=== What this task involves ===
Beginning with the line that holds "Re Monster Chapter 69", write out each line exactly as it stands until the end of the data, and include no pictures.

=== Data section ===

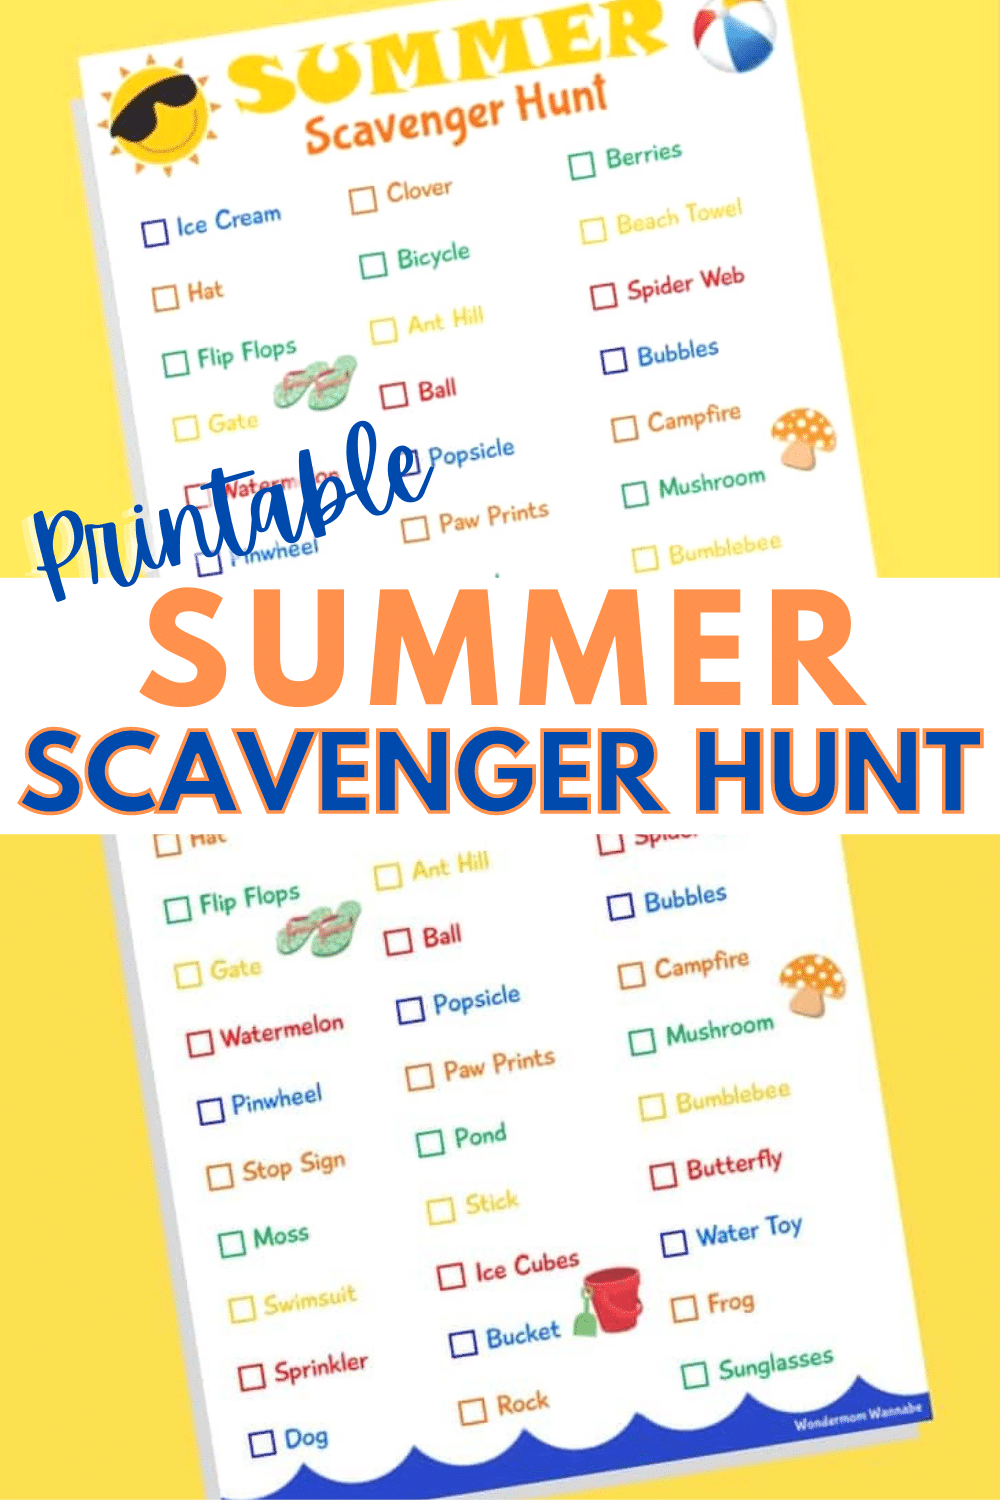 This summer scavenger hunt is the perfect way to motivate kids to get outside. Most of the items are easily found in your neighborhood. #summerfun #summeractivity #outdooractivity #scavengerhunt via @wondermomwannab
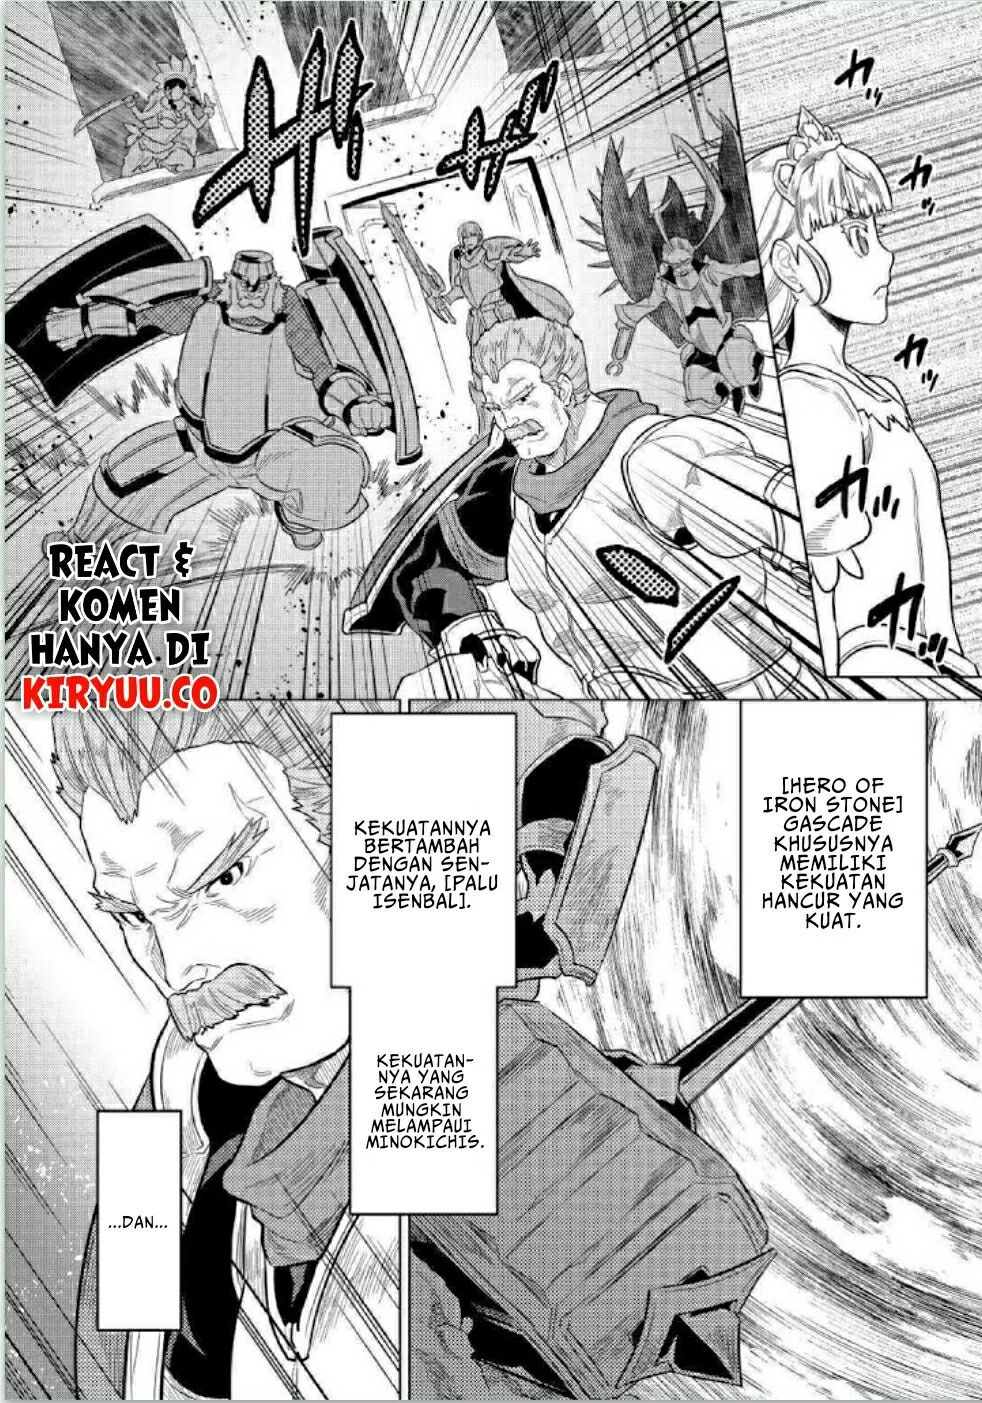 Re Monster Chapter 69
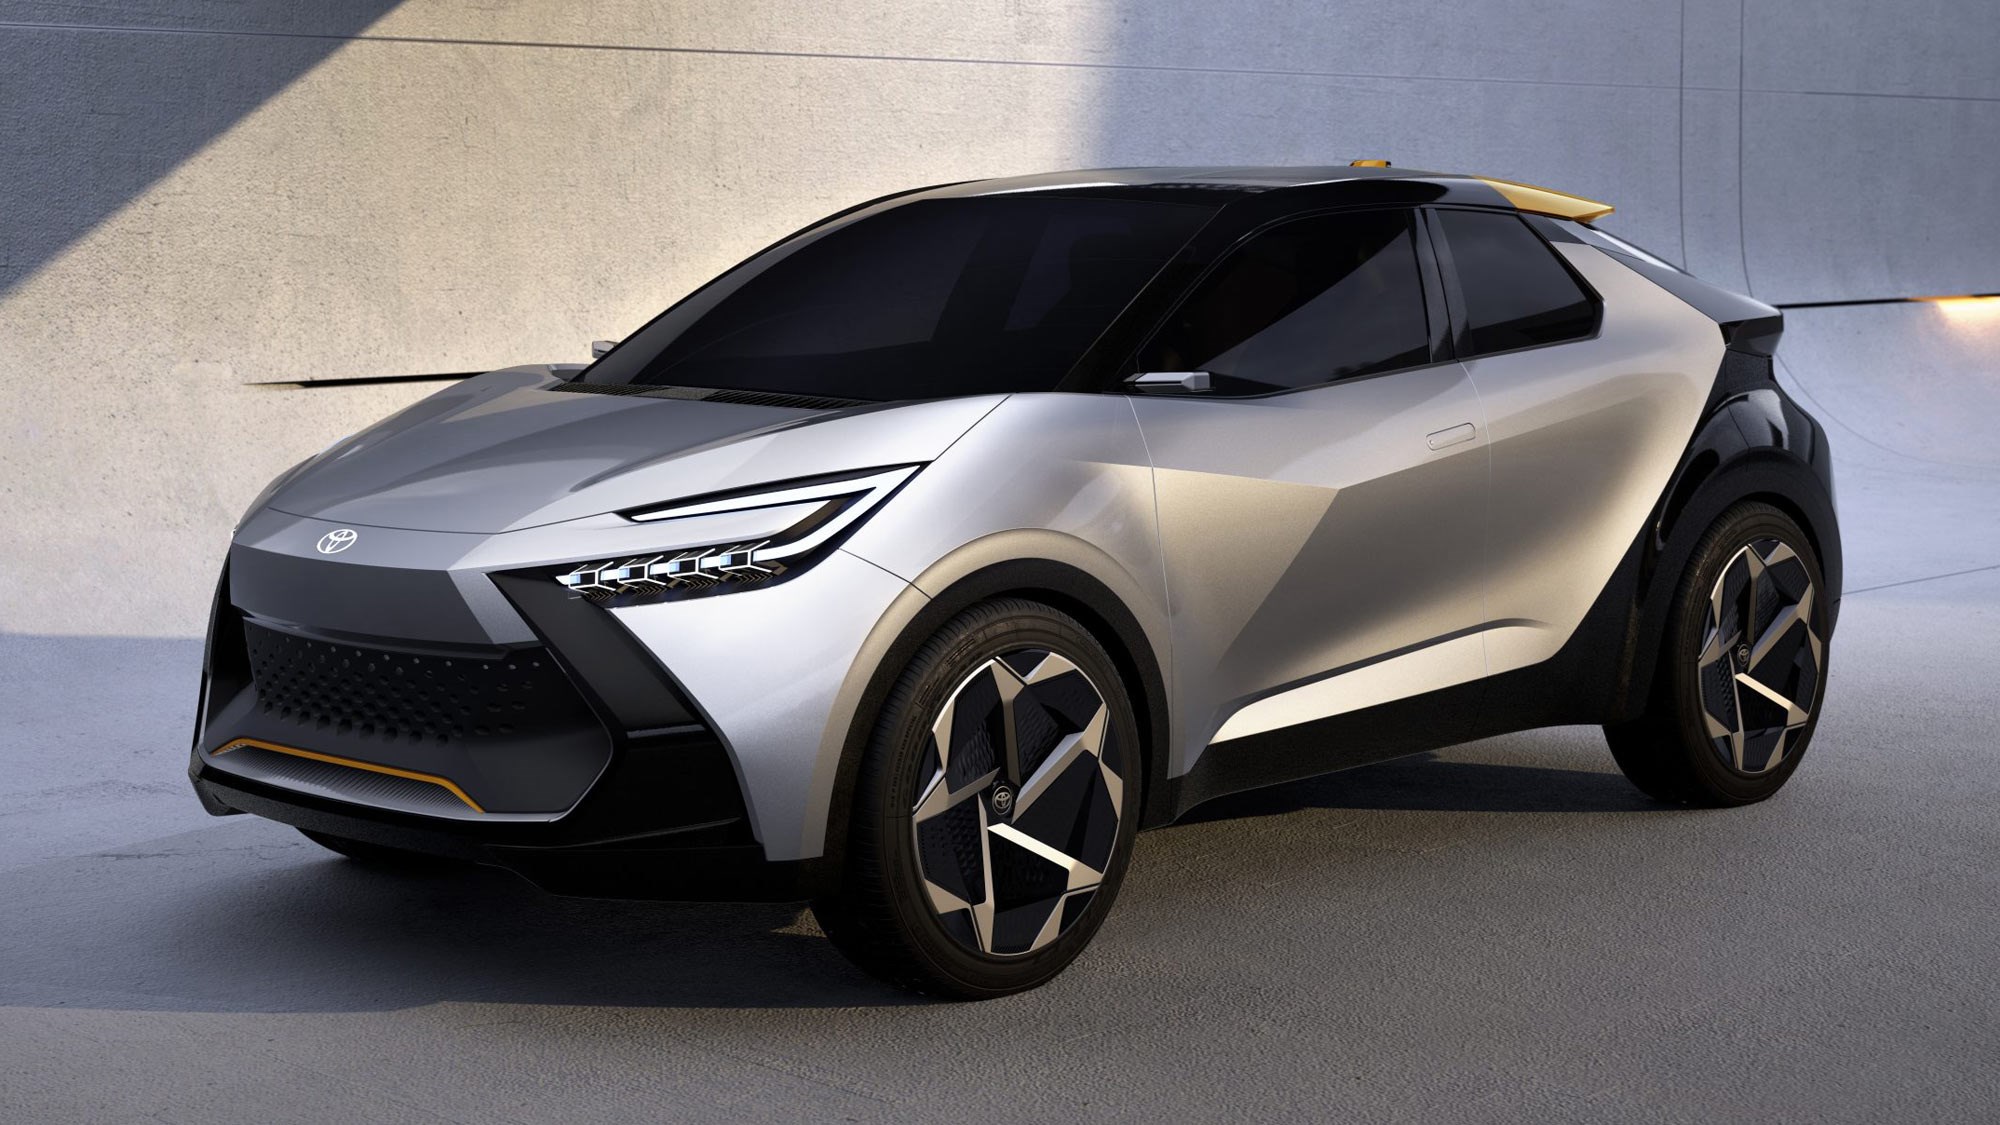 Toyota C-HR Review, Colours, Interior, For Sale, Specs & News
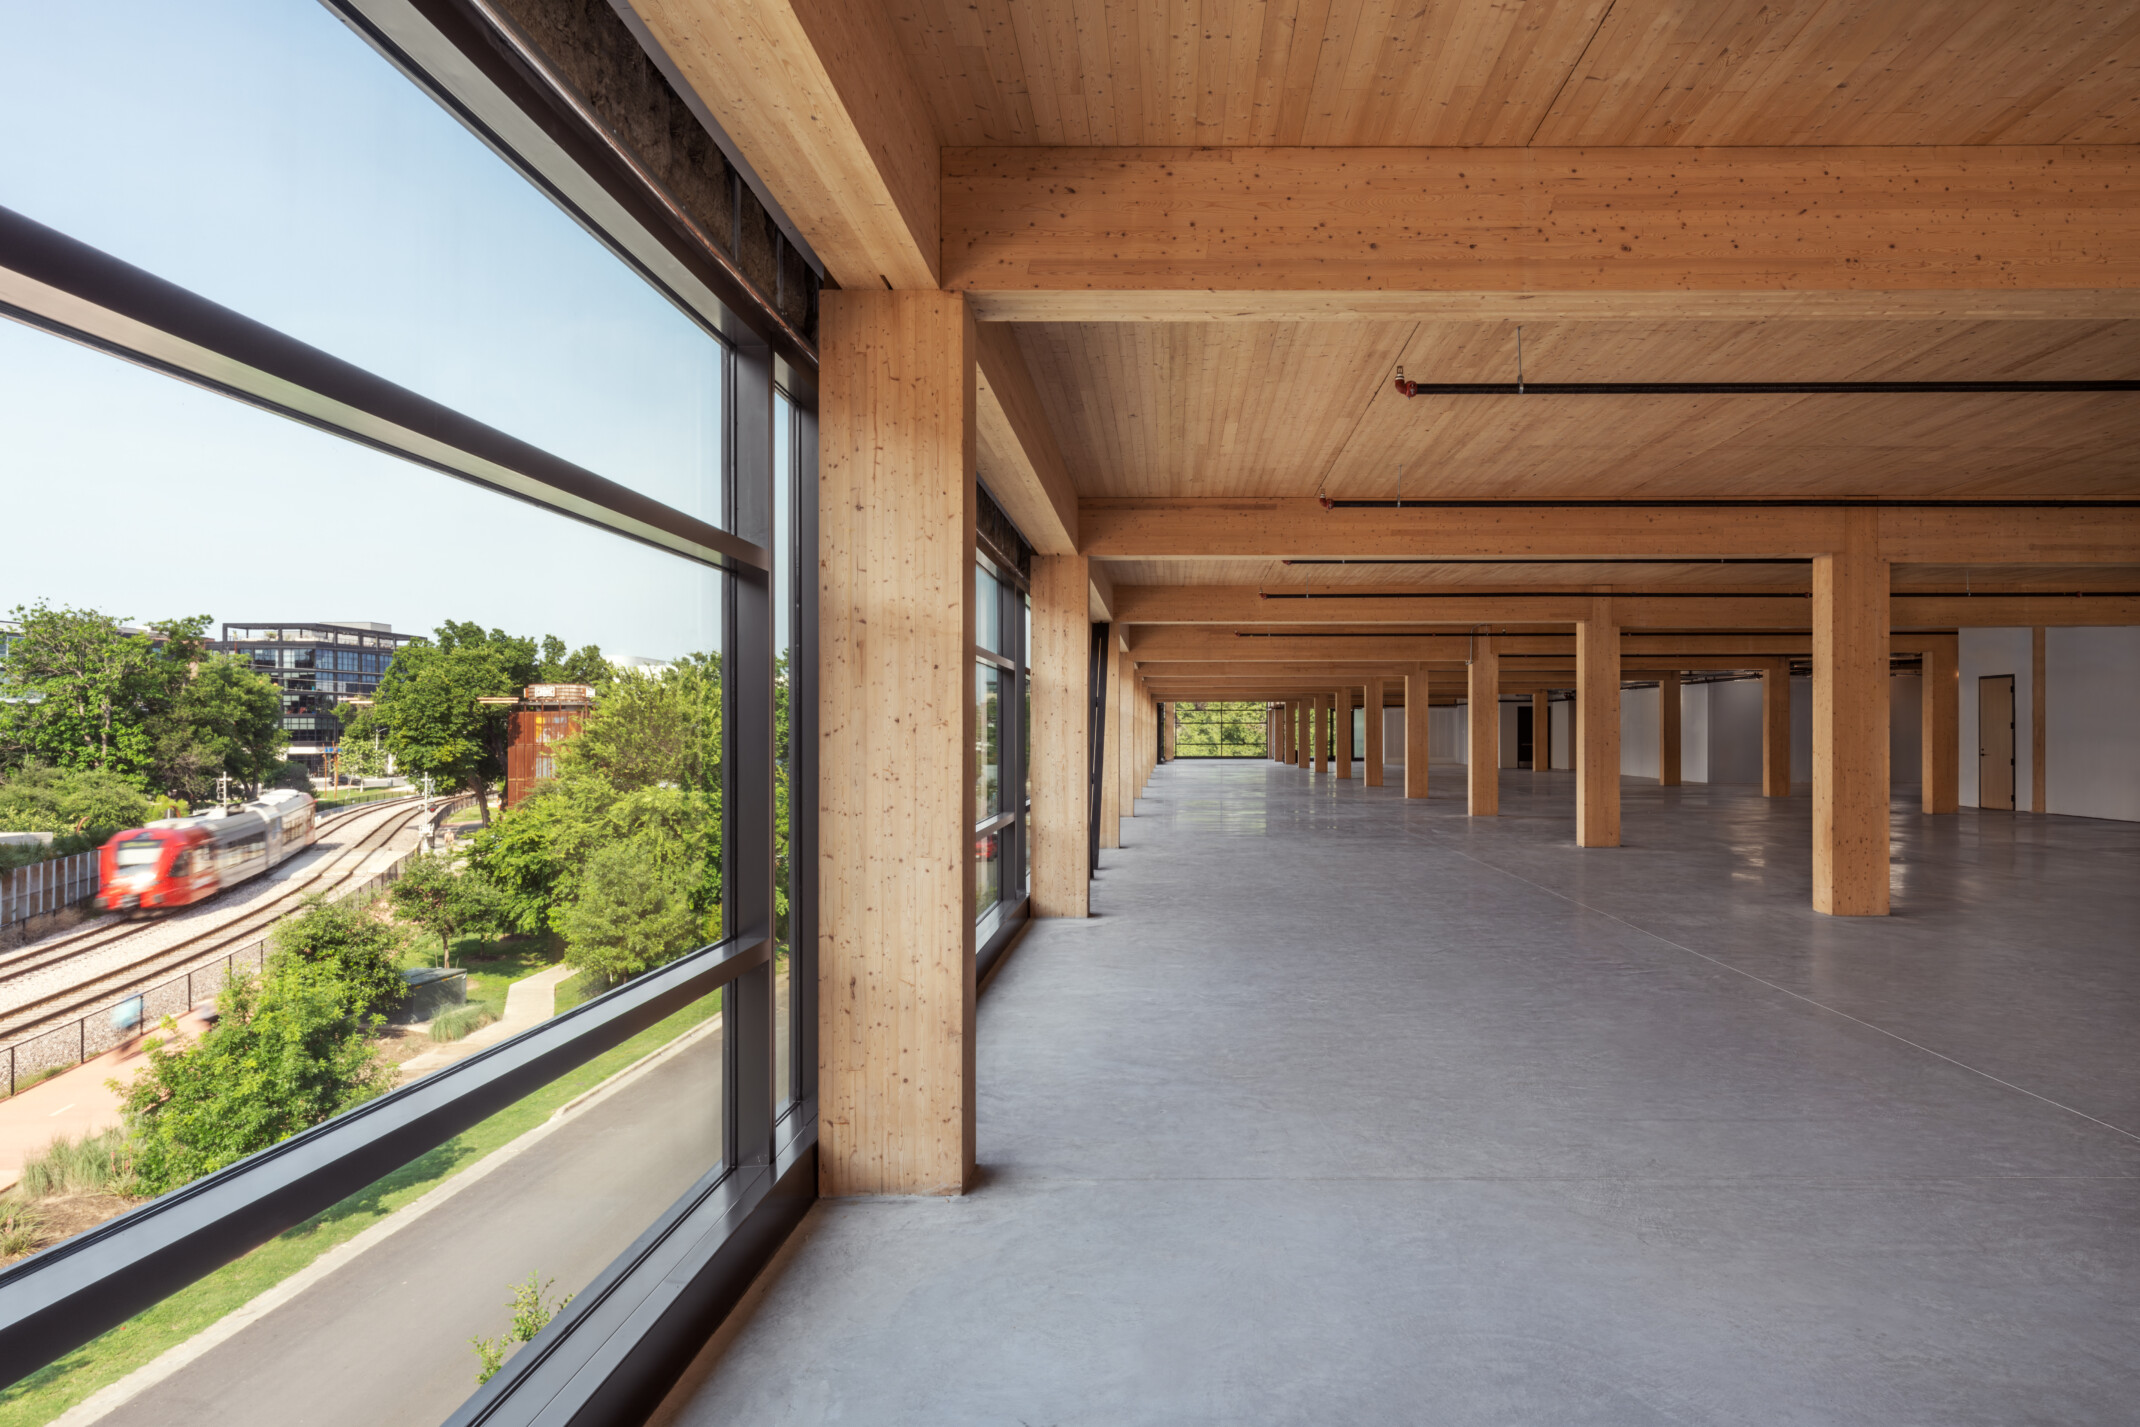 Mass timber open floor plan office space with exposed wood cieling and beams, raw concrete floor, floor to ceiling windows

=== Written reply ===
 Re Monster Chapter 69
 Toyota C-HR Review, Colours, Interior, For Sale, Specs & News
 Mass timber open floor plan office space with exposed wood cieling and beams, raw concrete floor, floor to ceiling windows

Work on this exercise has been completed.